# I lost my baby :(



## Vermillion (Mar 12, 2005)

I'm pretty numb right now but I feel like I need to post&#8230;

We found out at my 17 week appt. today that our baby is gone









We couldn't hear the heartbeat on the doppler so my midwife brought the ultrasound machine in to the room to check. No heartbeat on that either but she didn't want to jump right to conclusions so she told be the machine was old and maybe it just wasn't picking it up. I knew better, in fact, I've bad feeling about the pregnancy right from the very beginning, beyond normal worries, even after we hear the HB at 12 and 13 weeks and it was nice and strong. I just knew something wasn't right.

So I went to the birthing unit and had another ultrasound, and of course there was no heartbeat. It looks like the baby passed around 15 weeks. No ideas on what may have happened, and we may never know.

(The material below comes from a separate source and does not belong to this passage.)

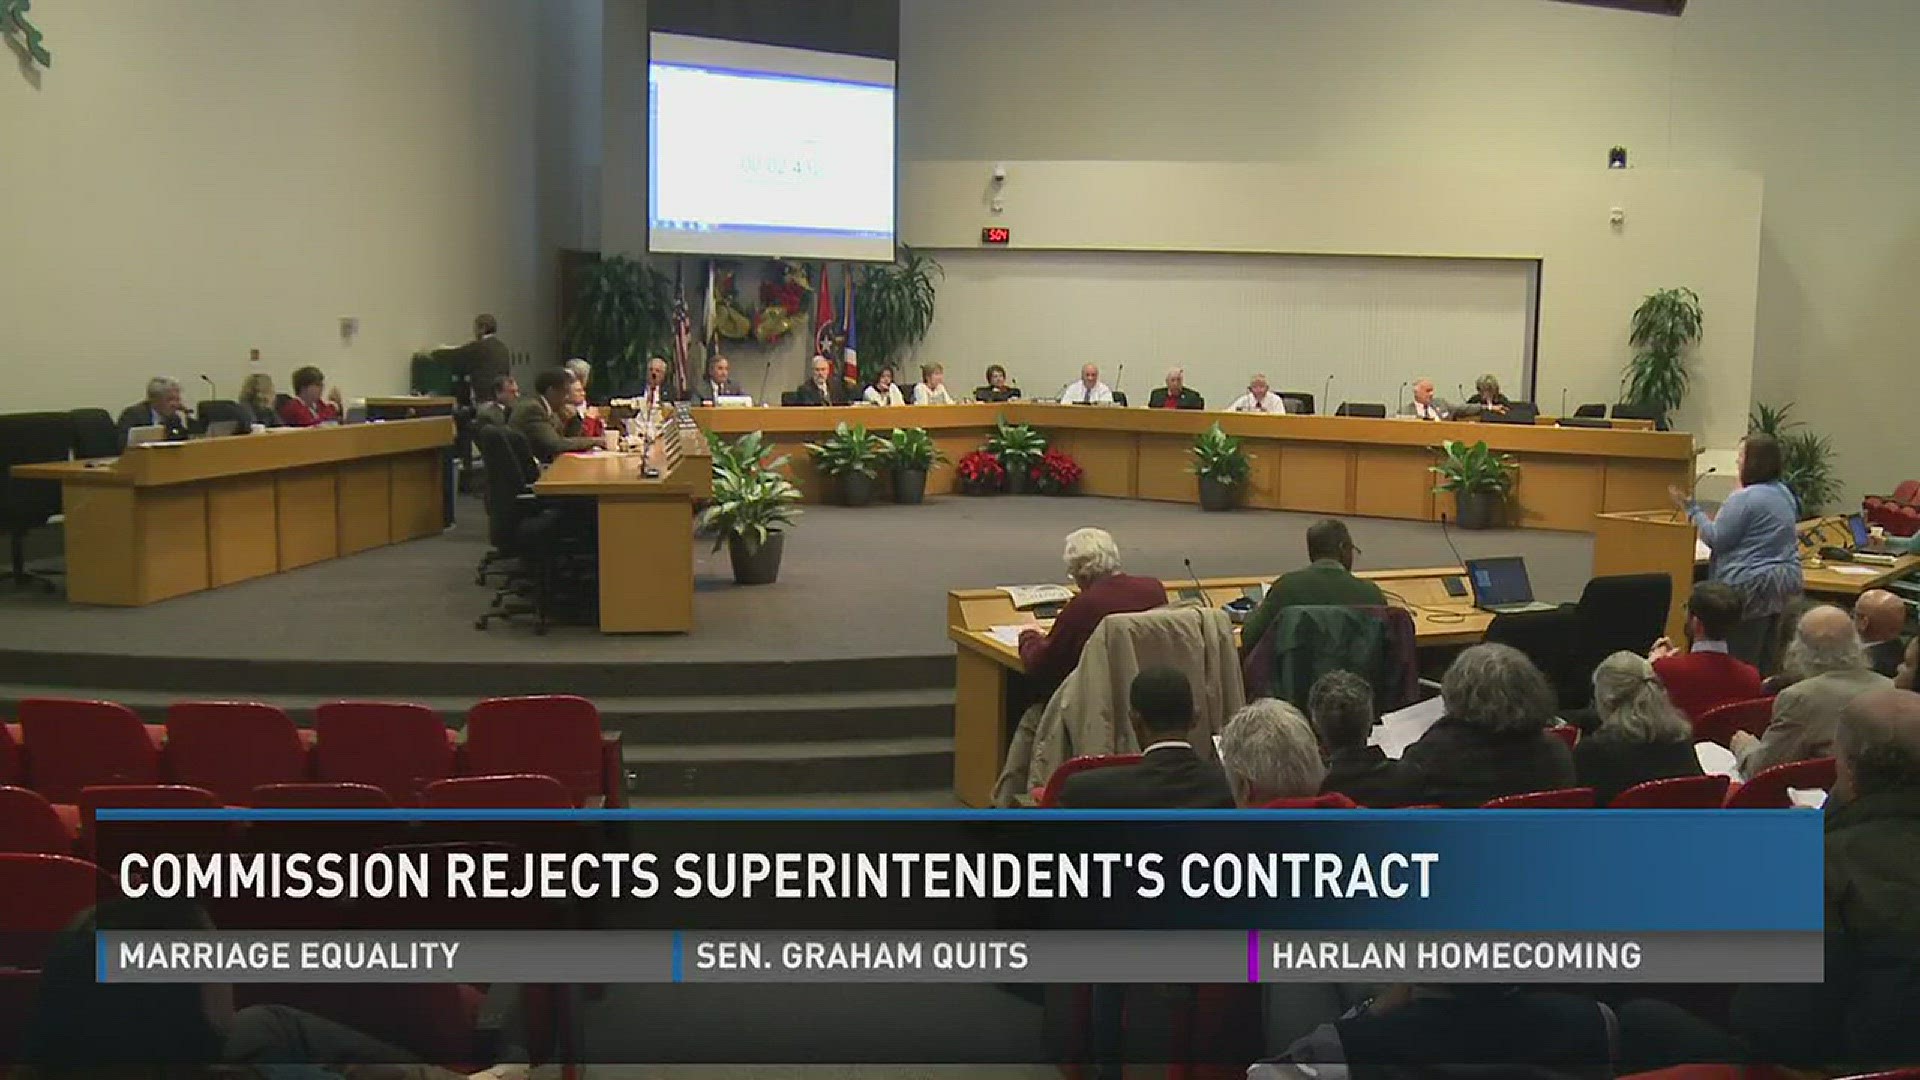 Nine of 11 Knox County commissioners rejected a contract Monday for Knox County Superintendent Jim McIntyre - but their vote has no force. Dec. 21, 2015

So now I get to decide whether or not I want to be induced and deliver there as planned with my midwife, or go to a hospital about an hour away to have a D&E. while it would be nice to have this over with quick, and I hate the thought of laboring and delivering to leave my baby behind, I feel like delivering with people I know and am comfortable with is the right thing, rather than some "procedure" in some cold sterile room with someone I've never met at all.

God, this is going to be so hard. I know when it really hits me it is going to hit me hard. It is just so unfair.







:


----------



## zonapellucida (Jul 16, 2004)

mama I know this is a really hard time and very unfair.


----------



## um_hanna (Nov 3, 2004)

Quote:


Originally Posted by *Vermillion* 
I'm pretty numb right now but I feel like I need to post&#8230;

We found out at my 17 week appt. today that our baby is gone









We couldn't hear the heartbeat on the doppler so my midwife brought the ultrasound machine in to the room to check. No heartbeat on that either but she didn't want to jump right to conclusions so she told be the machine was old and maybe it just wasn't picking it up. I knew better, in fact, I've bad feeling about the pregnancy right from the very beginning, beyond normal worries, even after we hear the HB at 12 and 13 weeks and it was nice and strong. I just knew something wasn't right.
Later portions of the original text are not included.